Sources of Nutrition for Vegans

Protein

Soya products such as tofu*, wild rice*, quinoa*, wholegrain rice, millet, pulses such as lentils and beans, oats, nuts and seeds.              *Complete proteins 

Carbohydrates

Wholegrain pasta, wholemeal bread, potatoes, wholegrain rice, pulses such as beans and lentils.

Essential Fatty Acid

Flaxseed oil (alternatively known as Linseed oil)*, rapeseed oil*, hempseed oil*, walnuts, sunflower oil, olive oil, nuts and seeds.        * Rich in Omega 3

Essential Vitamins

Vitamin A (Beta Carotene)

Carrots, dried fruit, red and orange peppers, broccoli, green leafy vegetables, tomatoes, mangoes, sweet potatoes and squash.

B Vitamins / Folic Acid

Pumpkin seeds, broccoli, wholemeal bread, mushrooms, bananas, peas, nuts, beansprouts, millet, soya, figs, yeast extract and prunes.    

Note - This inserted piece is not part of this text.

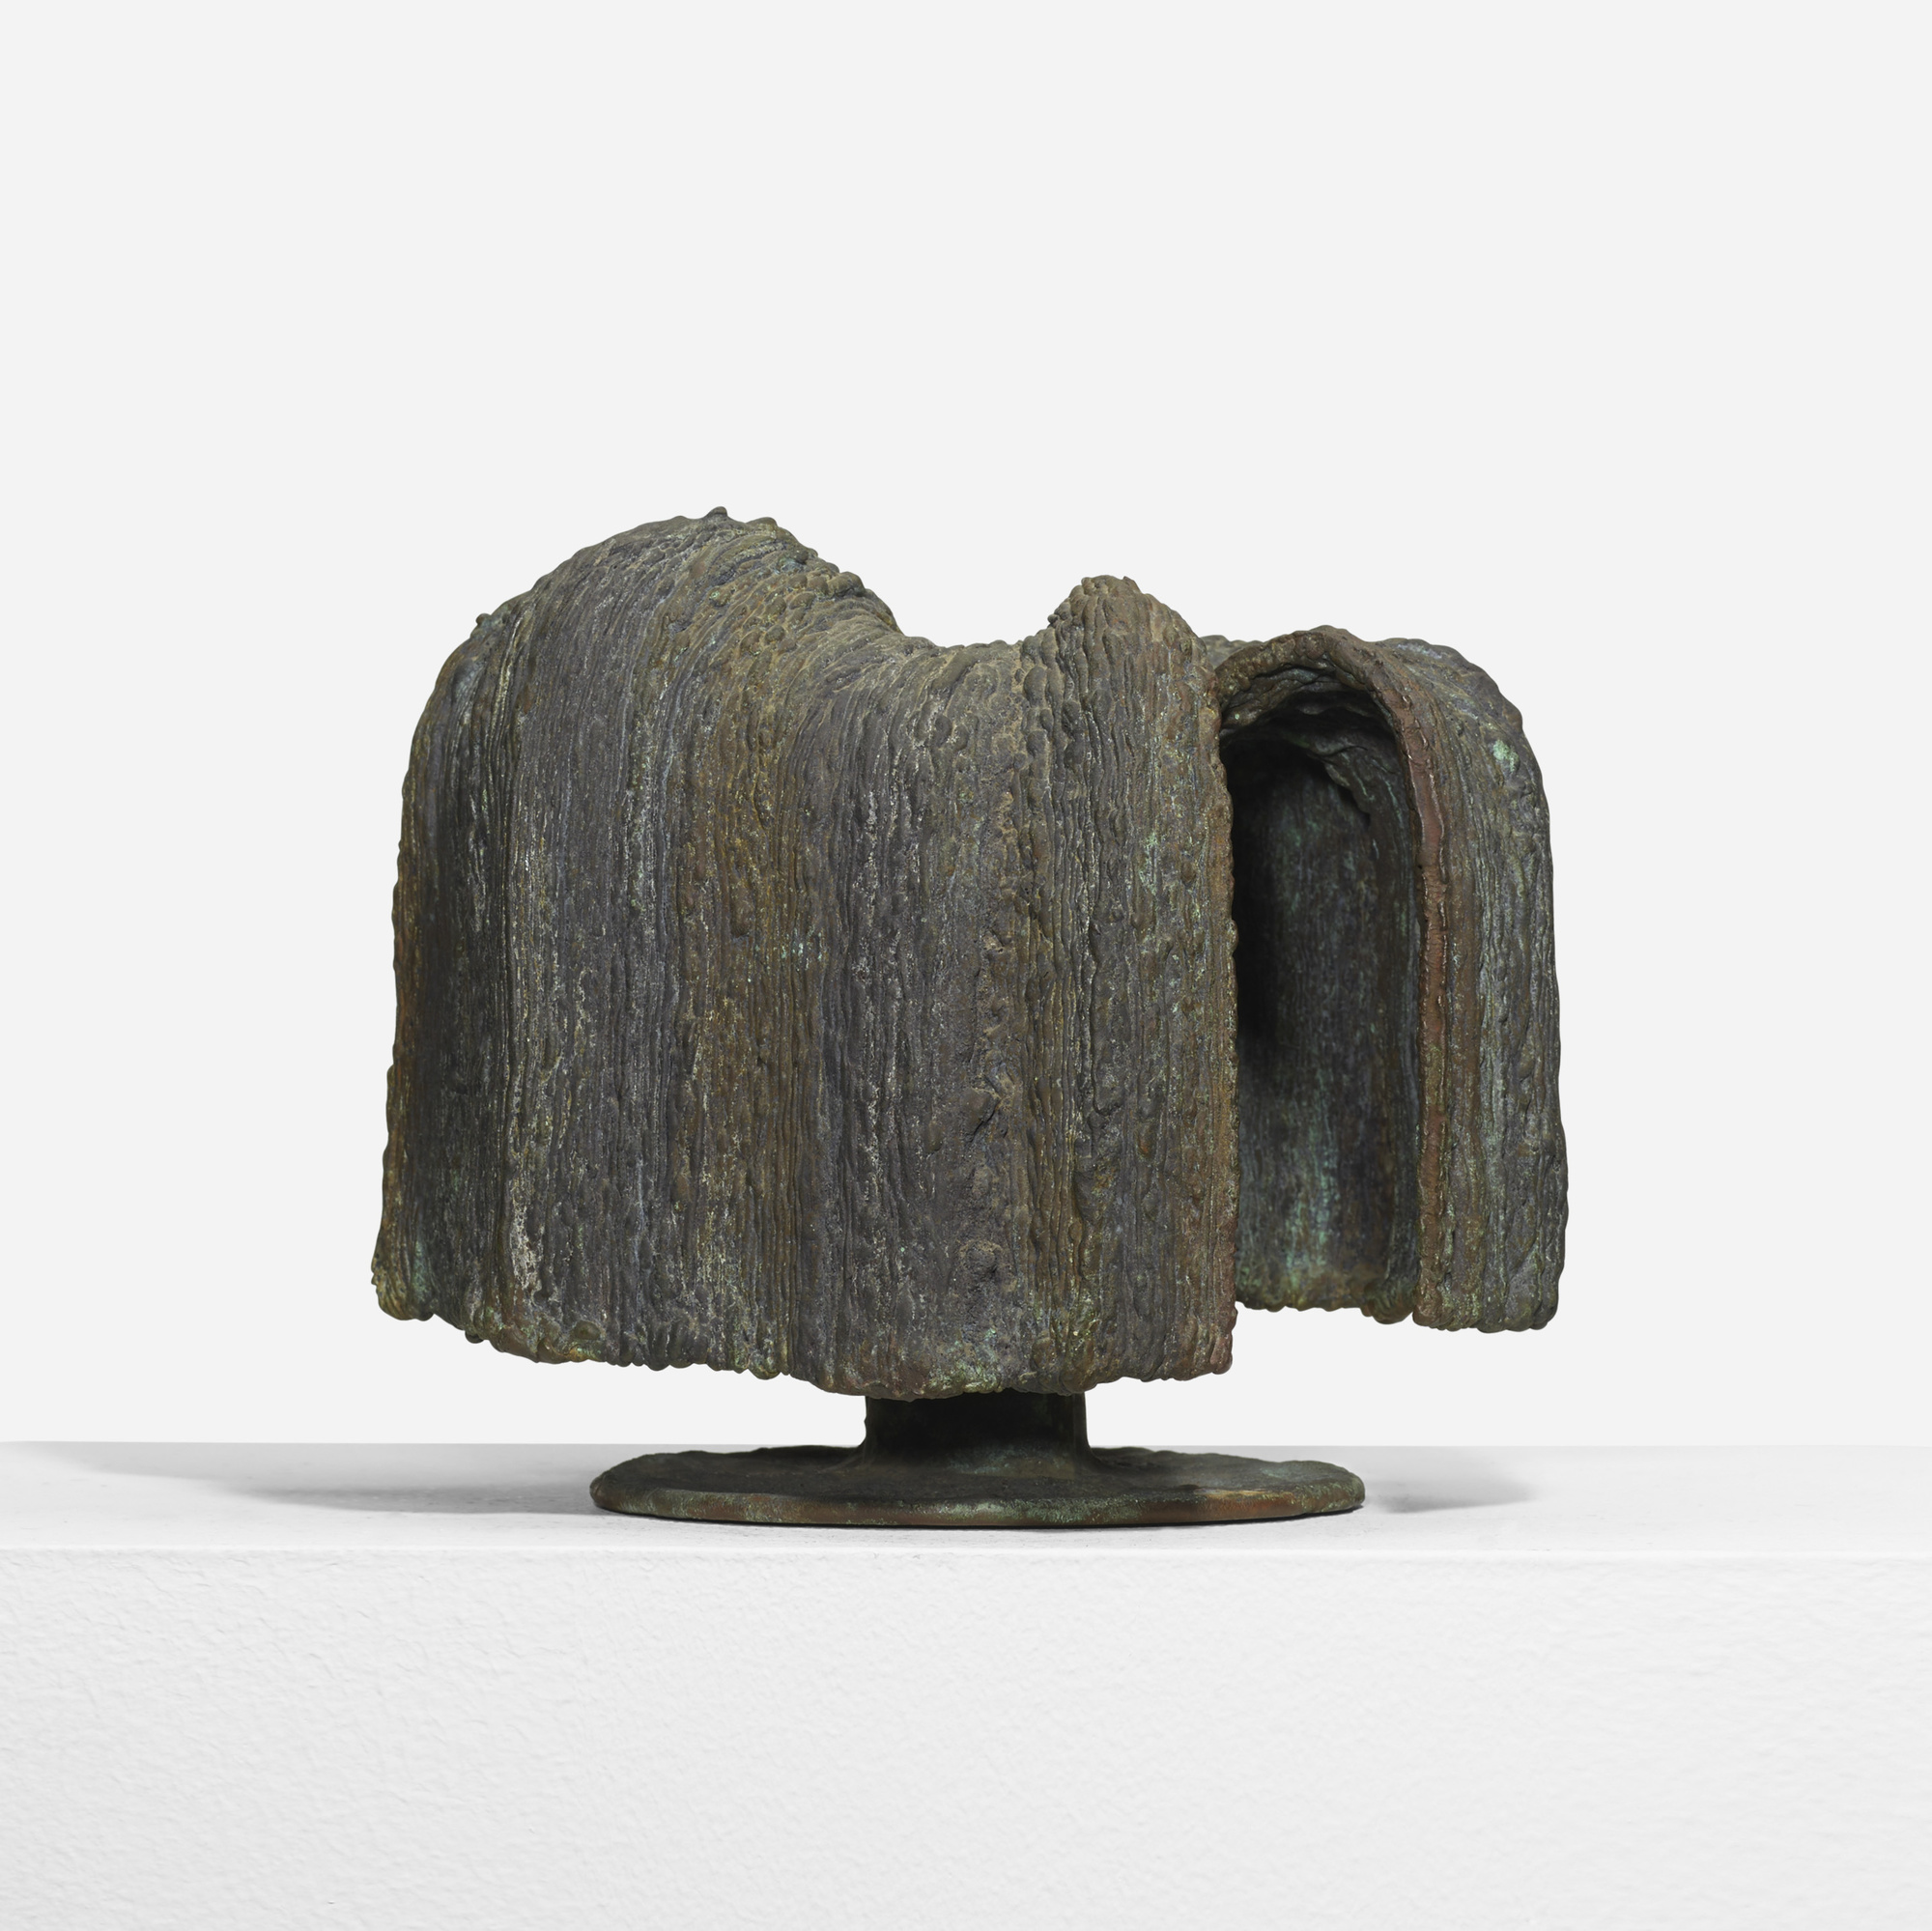 188: Harry Bertoia / Untitled (Welded Form) (1 of 4)

B12 (essential in a Vegan diet)

Fortified yeast extract, fortified soya milk, fortified breakfast cereal, margarine (non-hydrogenated) (best absorbed when eaten with folate).

Vitamin C

Most fruit and vegetables, including lettuce, oranges, peas and green peppers.

Vitamin D (calciferol)

Sunlight, fortified breakfast cereal, margarine, fortified soya milk.

Vitamin E (tocopherol)

Sunflower seeds, margarine and oil, most nuts, avocados, green leafy vegetables, oats, wholemeal bread.

Vitamin K

Kelp (seaweed), peas, lettuce, soya products, green leafy vegetables.

Essential Minerals

Calcium

Green Leafy vegetables such as broccoli, parsley and watercress, orange juice, sesame seeds and tahini, fortified soya milk, almonds, dried fruit such as figs, brazil nuts.

Iron

Pulses such as beans and lentils, green leafy vegetables such watercress and spinach, dried apricots, pumpkin seeds, tofu, wholegrains, blackstrap molasses.    *Iron is more easily absorbed when eaten with foods rich in vitamin C.

Zinc & Magnesium

Most nuts, tofu, pumpkin seeds, whole grains, pulses such as beans and lentils.

Iodine

Seaweed (kelp) is by far the best source.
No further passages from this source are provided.